Pipeline Question

reige012 · November 20, 2018, 5:24pm

Hi, I'm working on my first major QIIME run and I have few questions about the best format for the pipeline. I see the examples online, but I was given an example that differs quite a bit and I wanted to know some opinions on which way I might have a more successful outcome.

Current Pipeline:

Import paired-end demultiplexed sequences
Denoise using dada2
Make feature table - check for low read counts, determine # of reads for rarifying
Run feature classifier to create taxonomy database
Run Vsearch to cluster de-novo by 99% identify
filter low read samples out
rarefy samples and make new feature table
do all downstream analysis (diversity, heatplots, etc).

I guess what I'm mostly wondering about is where to run vsearch. Should I run it before denoising (i.e. should step 5 move to step 2)?

Also, do you see any other issues with the pipeline as I currently have it?

Thanks so much for your help.
Alicia Reigel

Mehrbod_Estaki · November 20, 2018, 9:17pm

Hi @reige012,
Is there a specific reason why you have to include Vsearch at all? Is OTU clustering really needed for your project? I ask because you are already utilizing dada2 to create ASVs which are just higher resolution analogues of OTUs. In most cases, there is no more needed for OTUs. I would just remove that step all together. Also don't forget about tree building if you want any phylogenetic insights.

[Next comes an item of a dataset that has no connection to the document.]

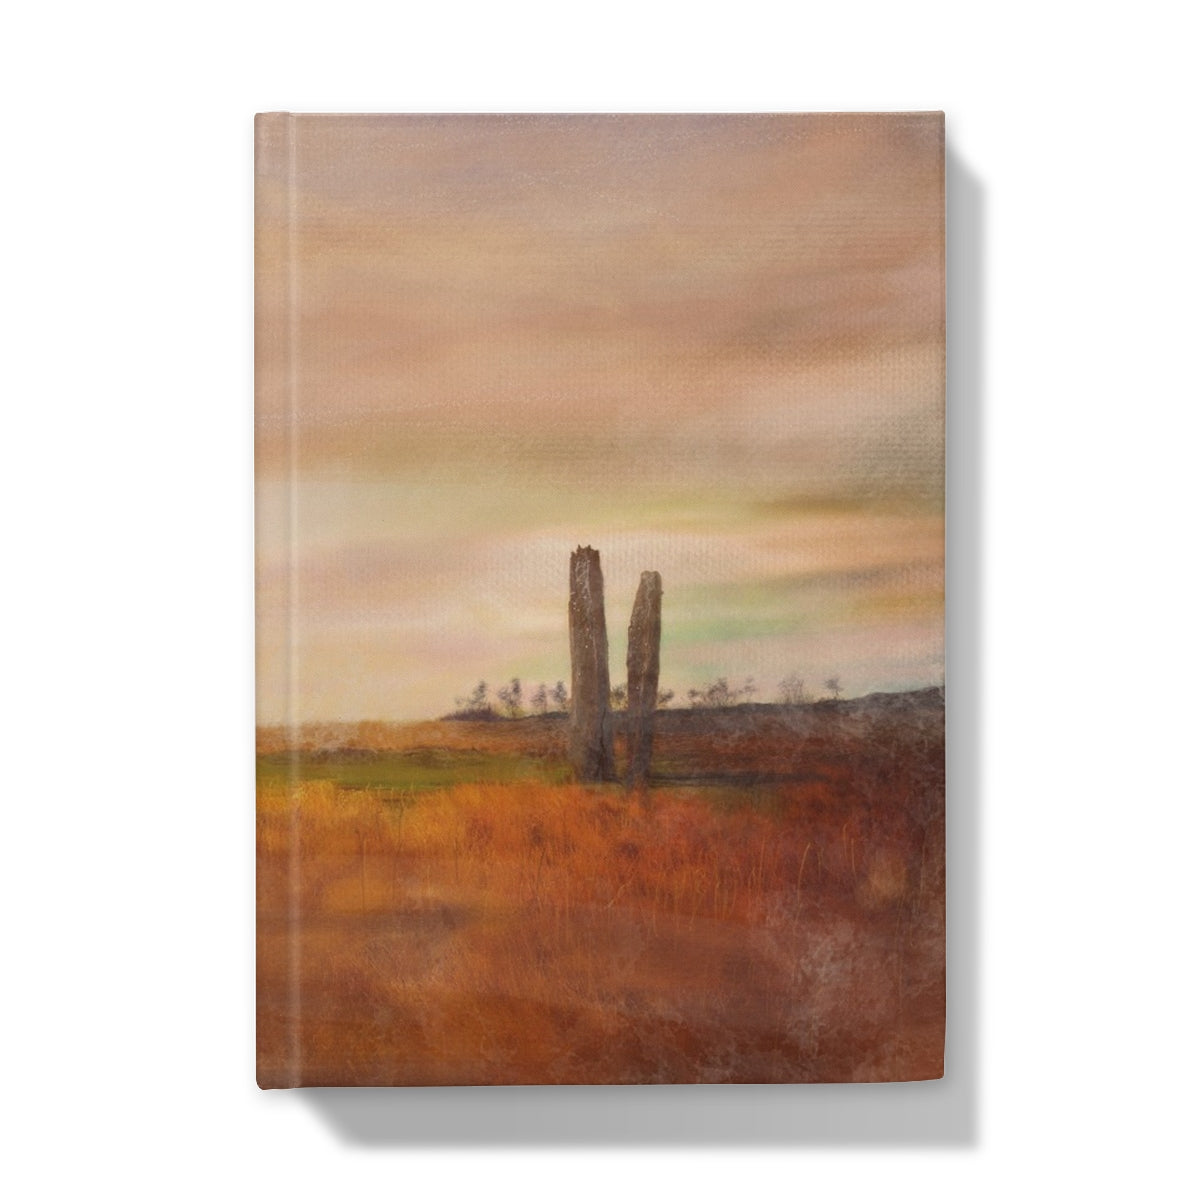 Machrie Moor Arran Art Gifts Hardback Journal-Journals & Notebooks-Arran Art Gallery-A5-Lined-Paintings, Prints, Homeware, Art Gifts From Scotland By Scottish Artist Kevin Hunter
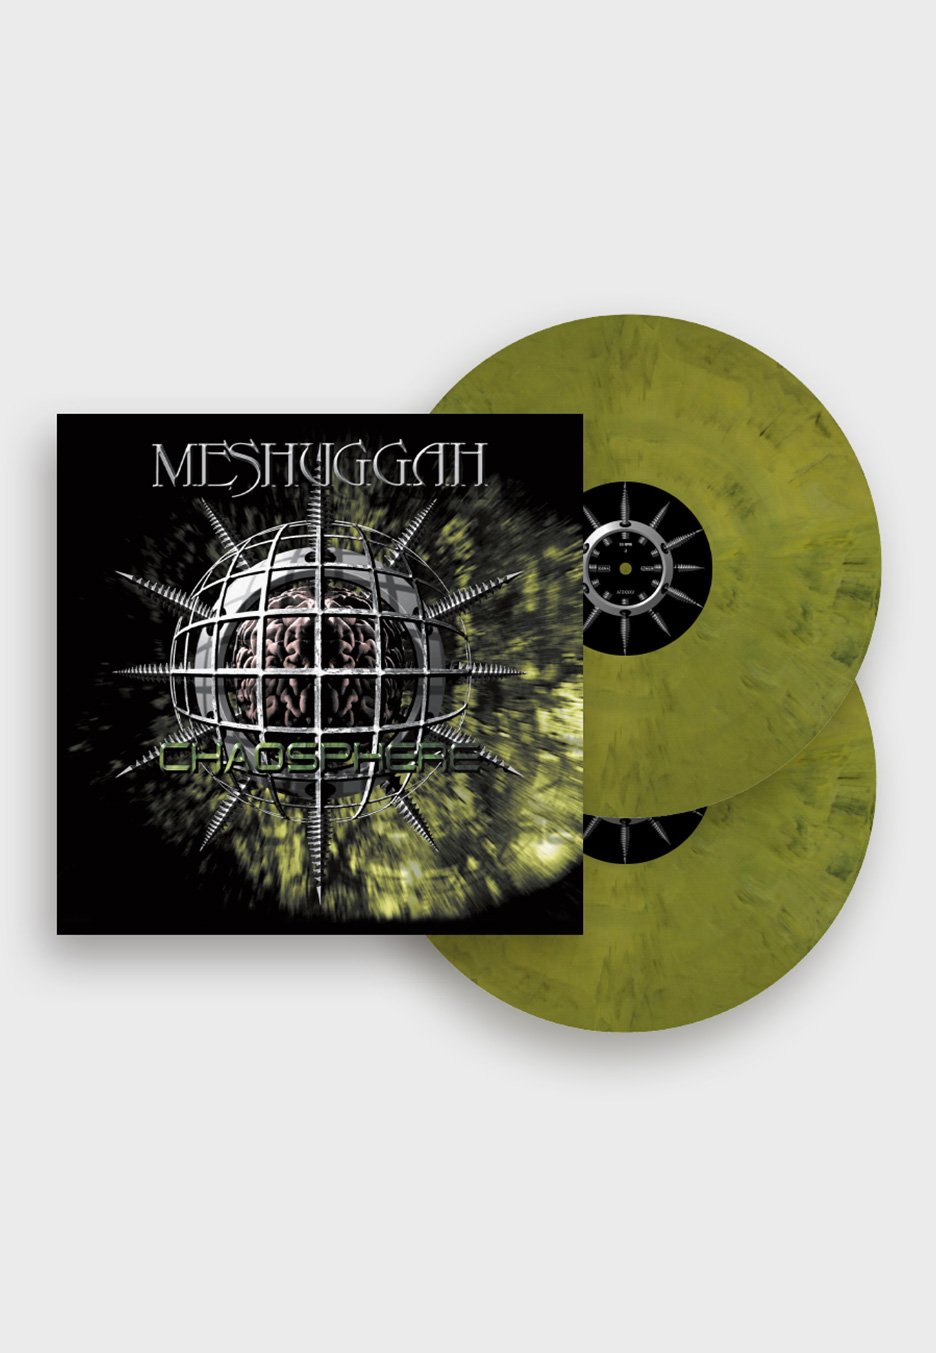 Meshuggah - Chaosphere (25th Anniversary Remaster) Ltd. White/Orange/Black - Marbled 2 Vinyl

Nicholas_Bokulich · November 20, 2018, 9:21pm

You do not need to rarefy either — rarefied tables should only be used as input for alpha/beta diversity methods, and this is automatically built in to the core-metrics pipeline. Do not use rarefied tables for differential abundance methods like ANCOM.

reige012 · November 26, 2018, 9:00pm

Thank you for your thoughts. These are both very useful comments.

reige012 · December 10, 2018, 4:33pm

I do have another questions in regards to these responses. Is there a way to essentially "clean" and trim the sequences without using dada2 so that I can then cluster into OTUs instead of ASVs? I'd like to do both OTU (99% and 97%), as well as ASVs to see if there are any differences in the final outcome. Thanks!

Nicholas_Bokulich · December 10, 2018, 4:38pm

See q2-quality-filter to perform qiiime1-style quality filtering.

There will be vast differences. Unless if you use a mock community (as the dada2 developers did to benchmark their method) there is no telling which method is "better"

Nicholas_Bokulich · December 15, 2018, 1:40pm

An off-topic reply has been split into a new topic: Are there alternatives to rarefying for alpha diversity estimation?

Please keep replies on-topic in the future.

system · January 15, 2019, 7:40pm

This topic was automatically closed 31 days after the last reply. New replies are no longer allowed.